For Jacob, the greatest mystery about visiting Great-Grandma was her hands. In her face Great-Grandma portrayed the illusion of a tired, feeble old woman, but her hands betrayed her terrible power. They were tense blue claws riddled with hard bumps; just a thin layer of flesh barely repressing the skeleton coiled in thick blue veins underneath. Her throat bulged out like a frog’s, her hair jutted out in fierce patches of white tufts checkered upon her head. Her skin seemed stretched and dropped, like it had once been worn by a much larger thing, since discarded. But above all, it was the hands, the hard blue claws at her side, that gave her away.

Great-Grandma slumbered in an enormous building that shot out of the ground and above the highest trees, hidden in an inconspicuous suburb in the west end. She lived like royalty, attended at all times by servants in blue robes who looked after her every need. She’d filled her home with old people like her — strange spectres of a mysterious origin, each with lairs of their own, wandering the halls, unresponsive, indifferent to mortal concern.

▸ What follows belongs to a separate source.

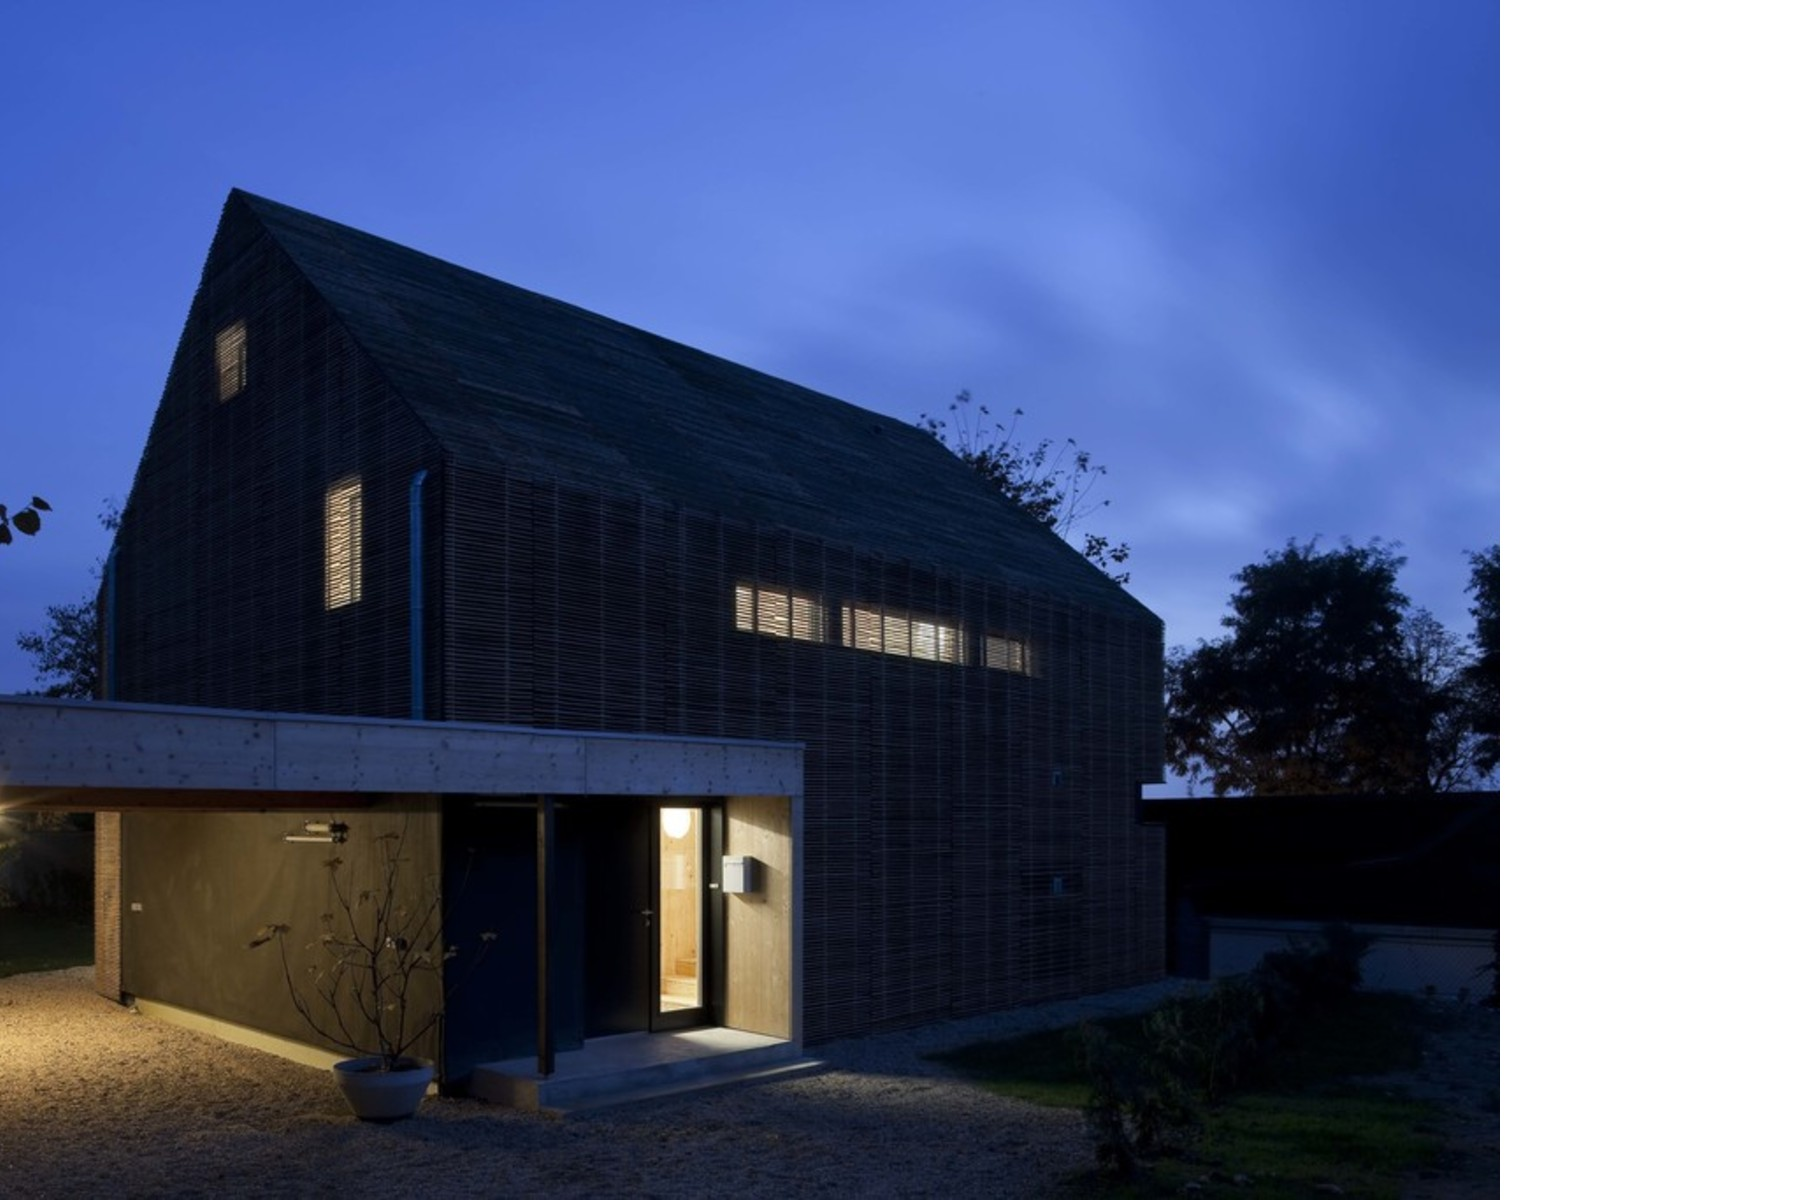 karawitz maison passive en france floornature. Black Bedroom Furniture Sets. Home Design Ideas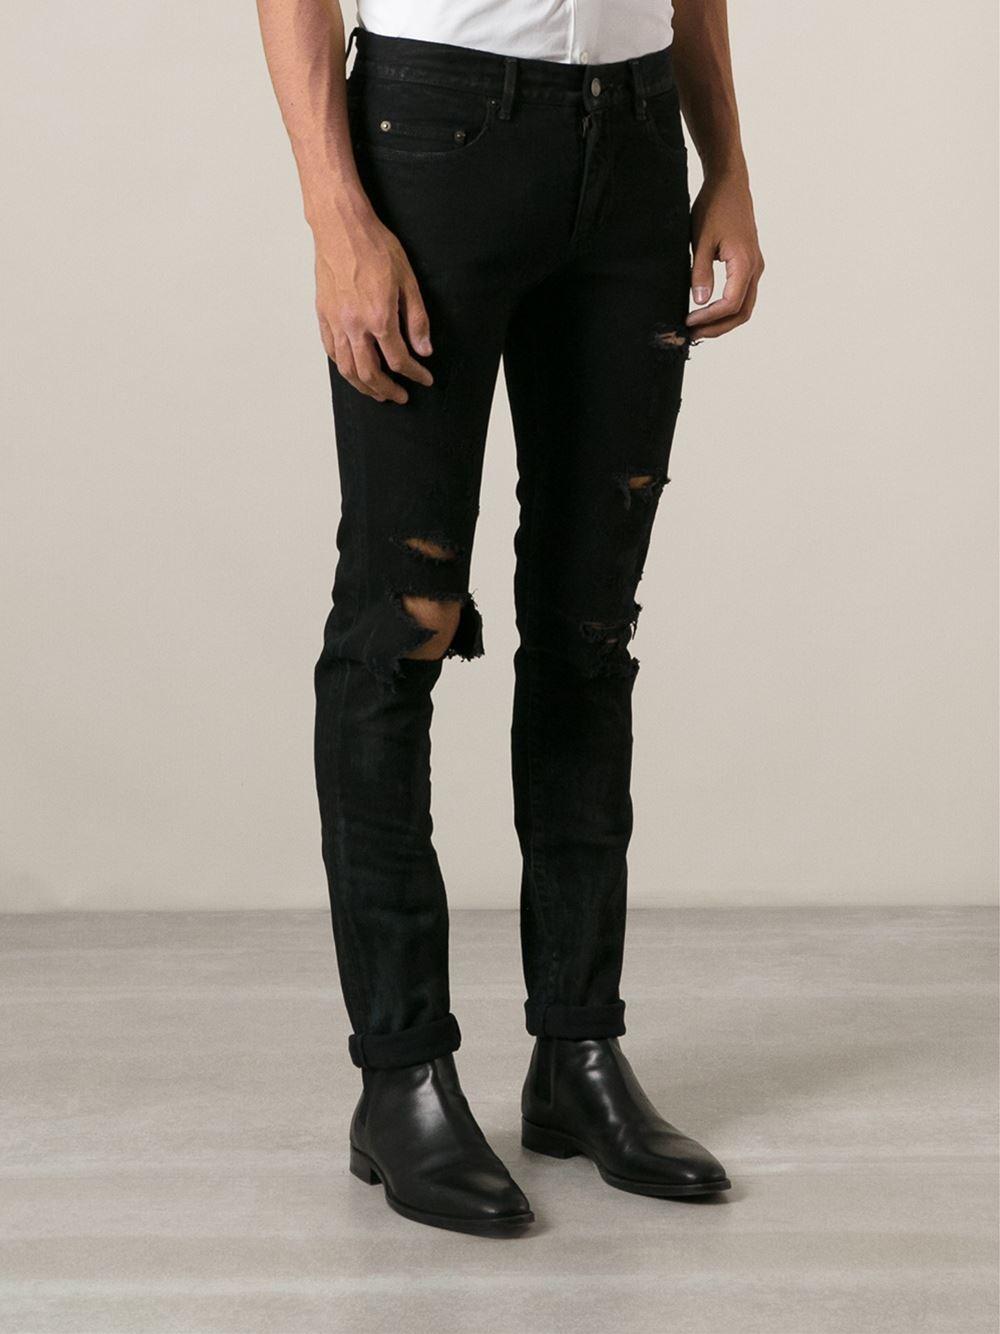 Saint laurent Distressed Skinny Jeans in Black for Men | Lyst

She, however, never left a single sixth-floor room that she’d chosen as her own. It was a seemingly plain room not unlike the others, decorated only in drab plastic sheets, a TV that was never on, and a large sign reminding her of the date. The reason she had chosen this as her lair for her great hibernation remained a mystery to Jacob, but there she stayed, quiet and still on the plastic bed in the centre of the room.

Jacob was always intimidated in his Great-Grandma’s room. She was there, motionless at the head of her bed, poised to strike like a python waiting for her prey. Her eyes seemed to be closed, but there was a flicker that came through, a life peering through the slivers between her eyelids.

He never went to visit his Great-Grandma without his mom and his grandma beside him. Not that he was afraid, no — but he never had the heart to leave them behind. Their lives seemed to revolve around him; Jacob couldn’t imagine what it was they did when he wasn’t around. And so, in his magnanimity, he’d let them each take a hand as he led them into the mysterious tower in which she slumbered.

Mom and grandma would gather nervously around Jacob’s Great-Grandma to offer her small words and brief talk that Great-Grandma never deigned to answer. At times she might stir mightily, or let out a discontented growl. At others, she would mutter small words of apparent nonsense — agreement when none was requested, comments on women who weren’t present. Jacob’s mom and grandma never understood, could never see past the apparent senselessness, but Jacob knew. Jacob saw it for what it was. Great-Grandma was in constant communion with a greater power than they could understand. The matters of the earth were beneath her.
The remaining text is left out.